Can you tell me when you first took an interest in music? What inspired you, and how did you begin creating your own music?
I started singing in my church choir and school chorus when I was six years old. My first cassette tape was Mariah Carey’s self-titled debut album, which came out when I was eight. Her voice transported my soul, and I believe this experience ignited my affinity for music and the power of the voice to express through song.
When I entered my pre-teen years, I was immersed in the alt/grunge rock movement, so I listened to Nine Inch Nails, Nirvana, Pearl Jam, and Counting Crows. But the most influential artist in my life beginning at the age of twelve was Tori Amos. I refer to her as my musical mother. Her songs kept me safe, comforted me, validated me, and gave me an identity and something with which to connect amidst an incredibly turbulent and painful childhood.
I had always been a writer, documenting my life in diaries from a very early age, but it wasn’t until I was about eighteen that I started to feel a calling to channel my words into song. But I had a lot of fear and self-doubt and had no idea how or where to begin. When I was nineteen, I finally decided I was going to teach myself to play piano and start composing and writing songs, and that’s what I did.
How would you describe your music?
Raw, honest, reflective, personal, intellectual, soul bearing, vulnerable, exposed, real.
How often do you write new material? And where does your inspiration come from?
I don’t write very often. The way it’s been in the past is that I’ve reached these emotional bottoms that force me to write. I get into so much emotional pain about something, even if it’s just about not writing, that I am left with two choices: (1) continue to suffer a slow spiritual death, or (2) start writing. The writing breaks me free and helps the healing process begin.
What subjects do you most enjoy writing songs about?
There isn’t one particular subject I most enjoy writing about; I just write what comes to me. Most often what comes to me is substantive of relationships, those with others, with myself, and with the ideas and concepts that are the contents of my mind. I also have to say that songwriting is not necessarily something I always enjoy; it is usually very emotionally, intellectually and creatively laborious for me. I am incredibly critical of my work when I’m in process; the joy comes more when I perform and record.

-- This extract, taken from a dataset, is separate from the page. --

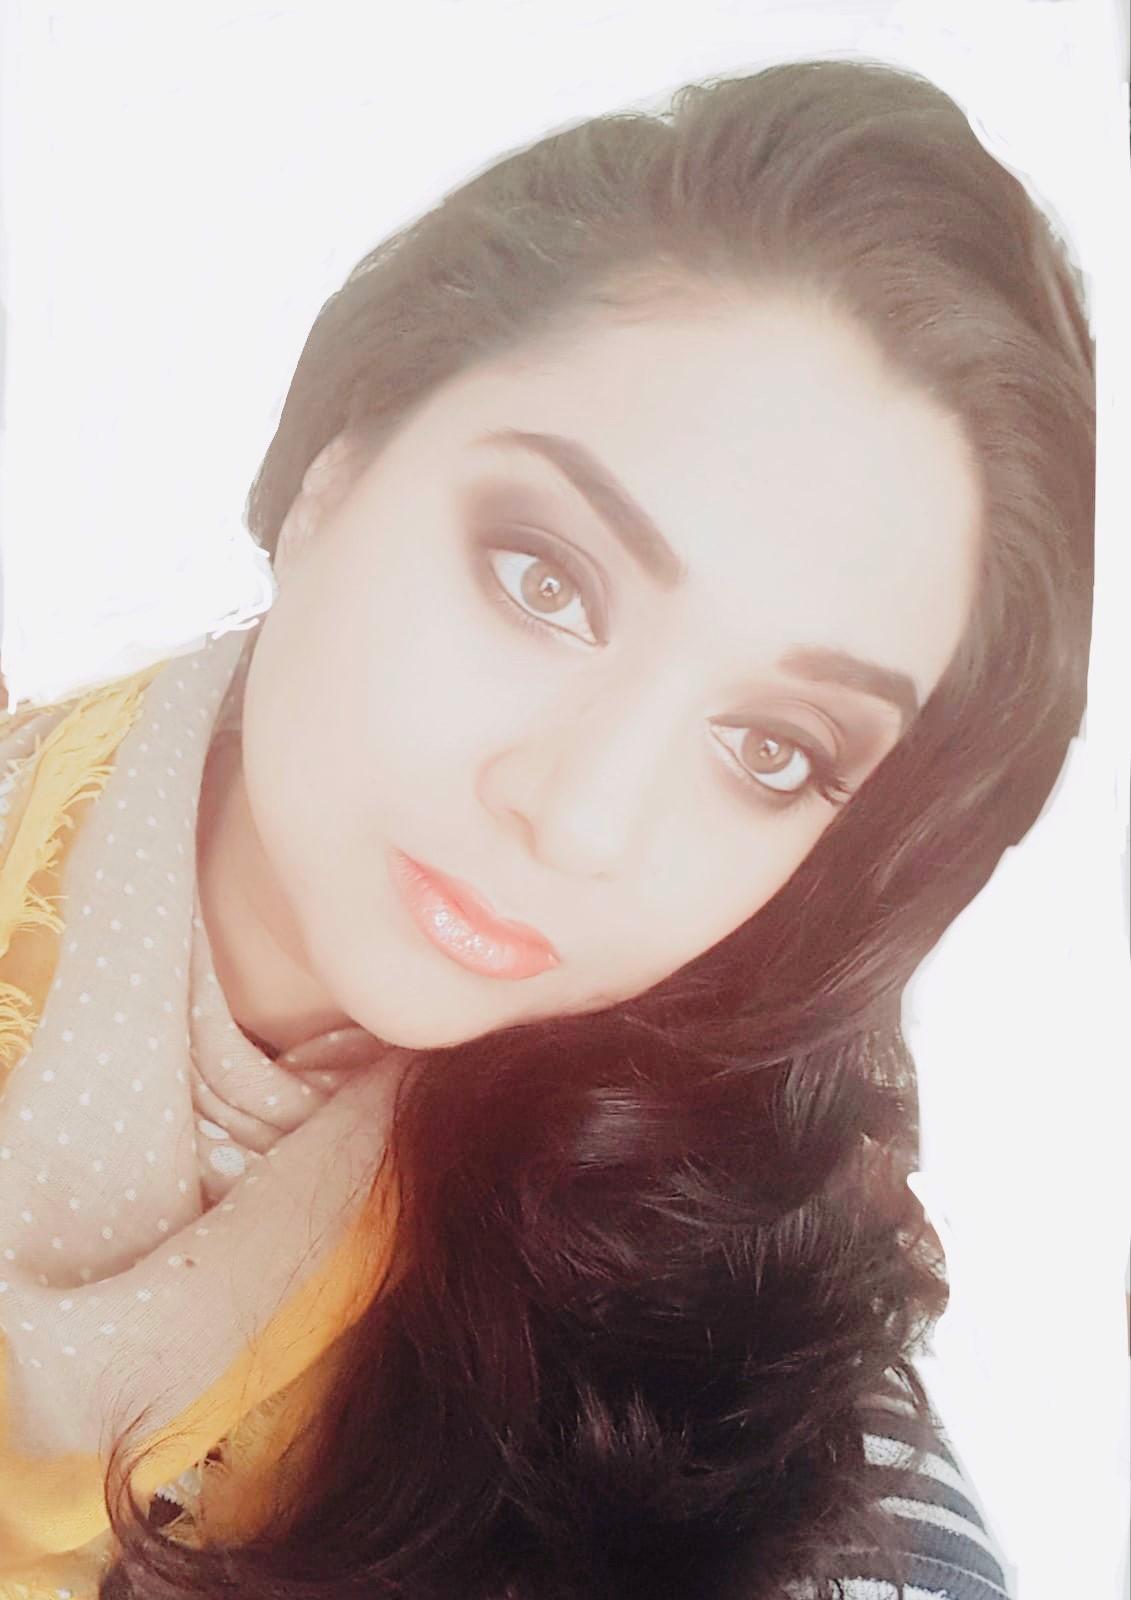 Nazeia Rani

What draws you to those subjects?
The need to heal, break free, and express the resulting emotions of my life experiences fully and completely, which I can often only do through song.
How long does it take to create a new song and what is the process?
I don’t have a blanket answer for this; I don’t have one single process I use for songwriting. I’m generally at the mercy of the muse and the way it decides to come to me. I’ve written a song in a few hours and spent literally years on others. Sometimes a song starts with words, then I start playing chords or an arpeggio on the piano and sing a vocal melody to those words. Other times I just start noodling on the piano and see what words channel themselves through the music.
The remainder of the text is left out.